Final Thoughts & Review Score: 7/10
Lovecraftian Busywork In A Game You'll Want To See Through to the End
Unlike Cultist Simulator or Stacklands, The Horror at Highrook feels more like a gamified visual novel than a challenging adventure. This is possibly also why it’s so effective, with the tactile feel of its cards snappy and pleasing and its budding sense of progress rarely floundering, outside a few possible points of mechanical confusion.
I spent approximately 10 hours playing through The Horror at Highrook, unlocking 11 of 13 achievements. At least one of the achievements appears to require a second playthrough of the game.
This general lack of difficulty risks trivializing the game's air of danger. There’s a puzzle corner on the board where special collectibles are sorted into a nine-piece image that marks essential milestones. On the one hand, it feels good to finish this up and reveal the next portion of the game, but it’s also completely disposable as a puzzle, and comes off more as a perfunctory and inevitable stepping stone.
In the end, that’s a good expression of the draw of The Horror at Highrook. You’ll want to keep playing until it’s over, but primarily for the pleasant reaction of card events and new insights into its characters. While surprisingly light on scares for a cosmic horror game, its central mysteries are fun to uncover, and Highrook is a lovely place to lock in for a weekend.

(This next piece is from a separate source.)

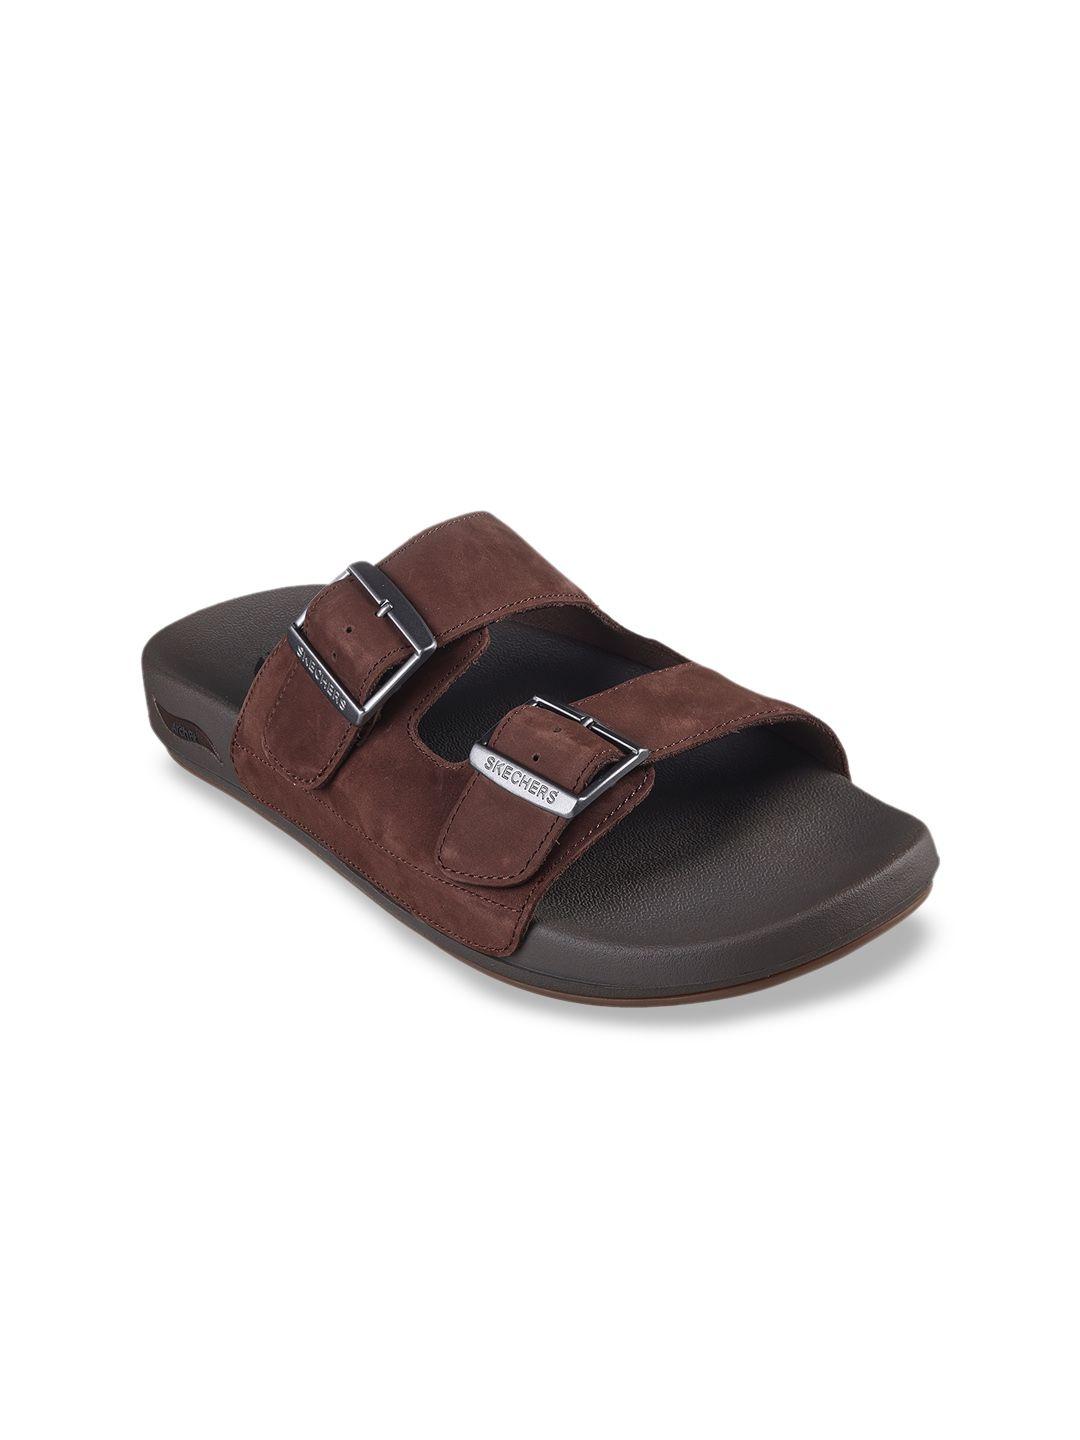 skechers men arch fit pro leather comfort sandals

Screen Rant was provided a Steam code for the purpose of this review.













The Horror at Highrook
Reviewed on PC
- Released
- May 1, 2025
- Developer(s)
- Nullpointer Games
- Publisher(s)
- Nullpointer Games, Outersloth
- Number of Players
- Single-player
- Steam Deck Compatibility
- Unknown
- PC Release Date
- May 1, 2025
A team of occult investigators delves into a decaying Victorian manor to uncover the fate of the vanished Ackeron family. Combining card-crafting mechanics with narrative-driven exploration, players must manage their team's sanity, hunger, and injuries while confronting eldritch horrors and unraveling dark secrets in a richly atmospheric setting.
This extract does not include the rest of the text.